Il y avait bientôt dix ans que le bougre avait reçu une poutrelle sur la tête ; le coup lui avait à demi emporté l’oreille, ne lui laissant qu’un lopin de chair à la droite du crâne. Puis il avait eu un des doigts de la main engagé dans les cisailles mécaniques ; le doigt avait été coupé net : et toujours c’était à dextre qu’il avait reçu ses accidents, tandis que la partie gauche du corps restait indemne. Cette fois encore la barre de fer lui avait foré la jambe droite. Et ces hommes, qui jouaient leur vie à quitte ou double et dont la plupart portaient des traces de blessures, s’apitoyaient sur la fatalité qui s’acharnait après leur vieux compagnon. S’il en réchappait, peut-être bien qu’un autre accroc lui emporterait un jour ce qui allait lui rester, après tant d’avaries, de son côté si éprouvé.

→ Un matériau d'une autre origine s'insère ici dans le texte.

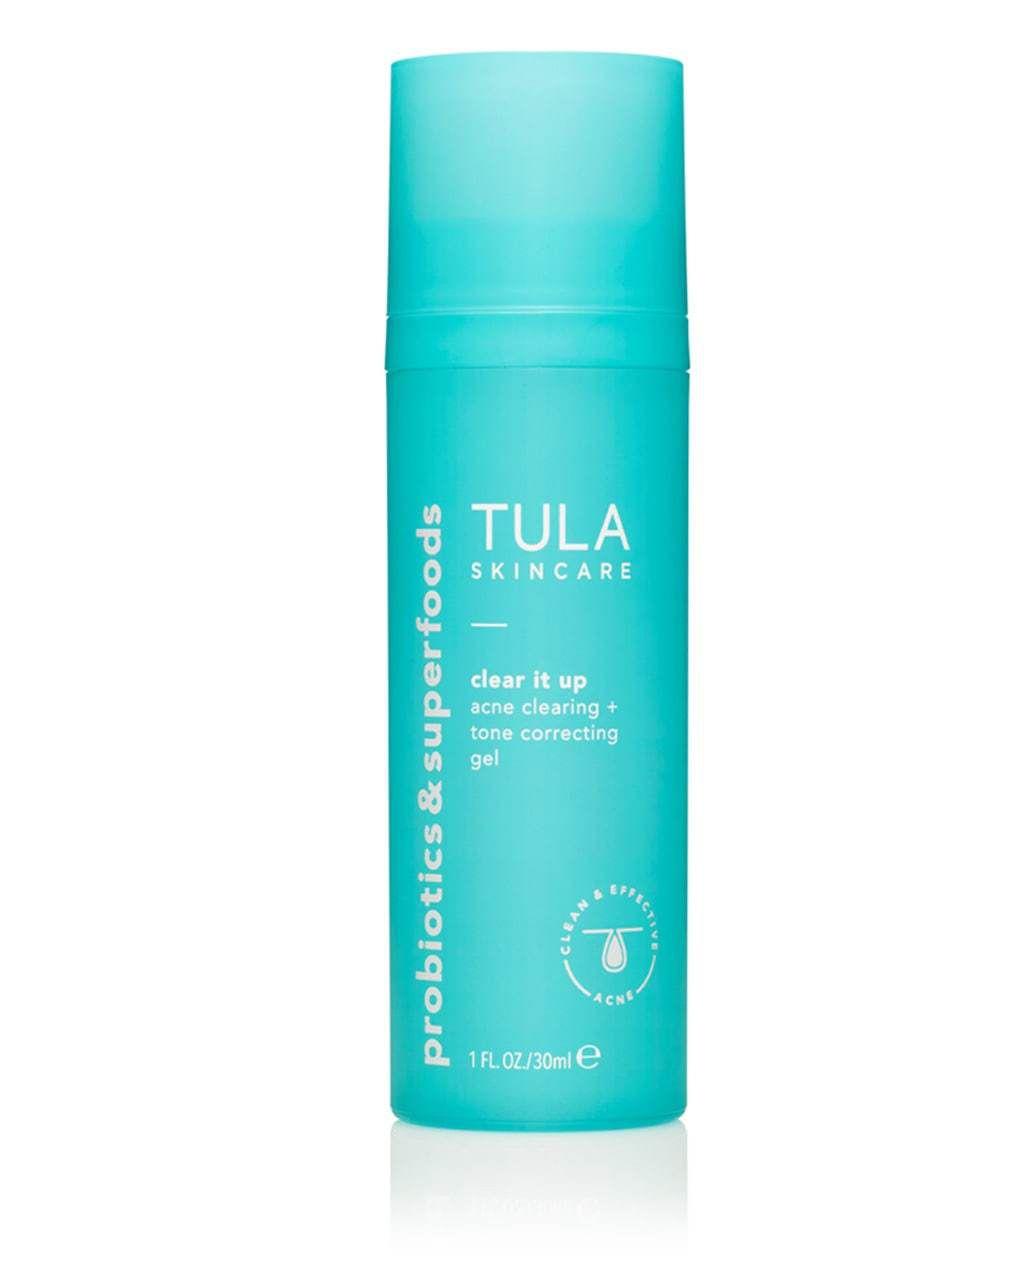 Tula Acne Clearing + Tone Correcting Gel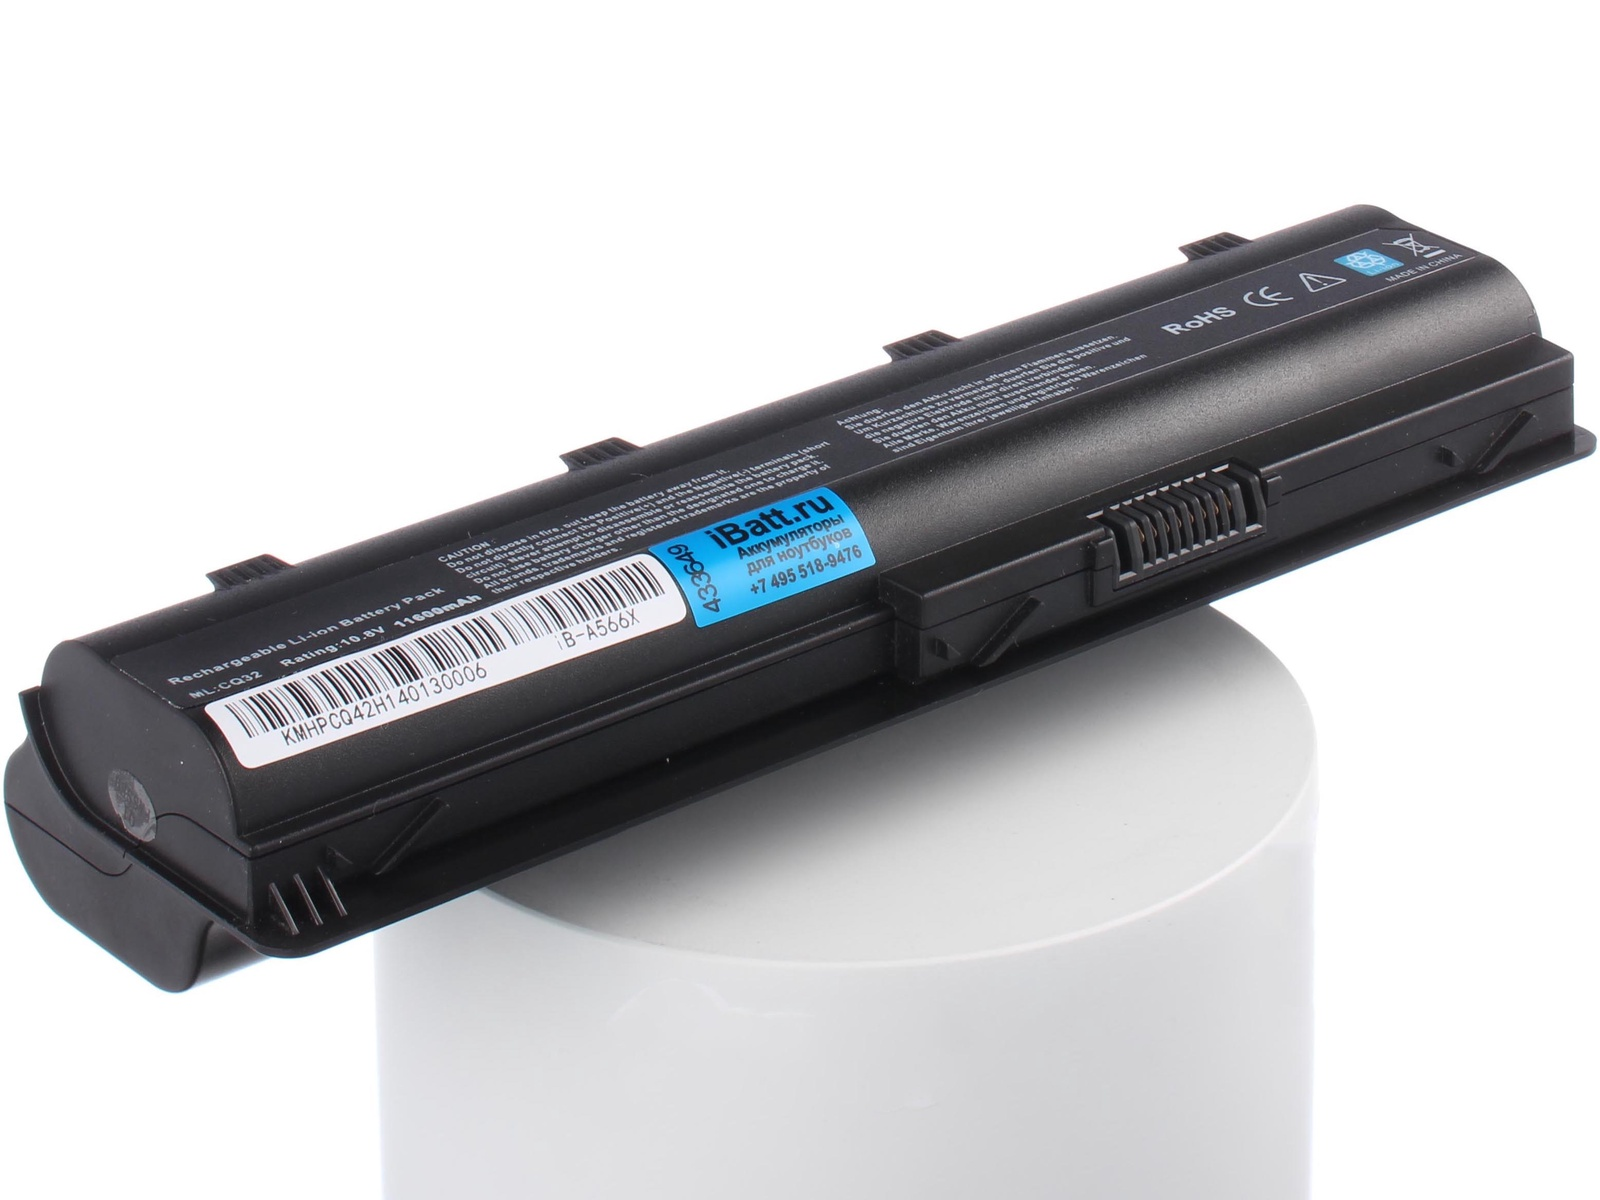 Аккумулятор для ноутбука iBatt для HP-Compaq Pavilion g6-2367er, Pavilion g7-1307er, 650 Notebook PC, Pavilion g6-1157er, Pavilion g6-1251er, Pavilion g7-2160sr, ENVY 17-2001er, G62-a70ER, Pavilion dv6-3301er, Pavilion DV6-6100 638856 001 da0r22mb6d1 d0 fit for hp pavilion g4 g6 g7 notebook motherboard tested working

— Faut voir ! dit un chauffeur, un grand type à barbiche rousse, suant et velu, Séraphin Simonard, le mari de la Bique, comme on l’appelait. L’vî a l’carcasse solide. C’est un dur-à-cuire. Porrait ben cor’ en rescapper.

— Bah ! fit Gaudot, un gaillard superbe, celui-là, suffit todis de s’côté gauche pou ce qu’i aura à souquer dans s’boîte à vers.

Un garçon de vingt-cinq ans, le col robustement attaché aux épaules, l’œil très doux, d’un bleu de fleur de lin sous sa tignasse annelée, et qui avait pris la tête du vieux sur son genou, se tourna tout à coup vers les camarades, interpella l’homme à la barbiche rousse :

— Hé, Simonard, viens eun’ miet’ ichi ! J’vas querre el’ pauv Clarinette qu’est là-bas d’sus ses scrabilles.

— T’as raison, fieu, faut ben qu’équ’un lui dise à c’te garce-là, que s’papa a eu un malheur.

Ayant ainsi parlé, le grand chauffeur se courba, prit entre ses mains la tête pâle que l’autre lui passait, et la coula sur son rugueux tablier de cuir, tout brûlant de la chaleur des fours.

— C’est nin l’ peine, Huriaux, cria en ce moment une voix, v’là qu’é arrive, ta bonne amie !

En effet, celui à qui on venait de donner le nom de Huriaux avait à peine fait quelques pas qu’il se rencontrait avec une fille de dix-sept à dix-huit ans, brune, des accroche-cœur dépassant le petit escoffion de cotonnette qui lui coupait le front, la figure ravagée par le saisissement de la nouvelle qui lui avait été apportée là-bas, aux fours à coke où elle faisait son métier de trieuse de charbon. Elle avait quitté ses sabots pour courir plus vite et, pieds nus, s’était lancée à travers les cours.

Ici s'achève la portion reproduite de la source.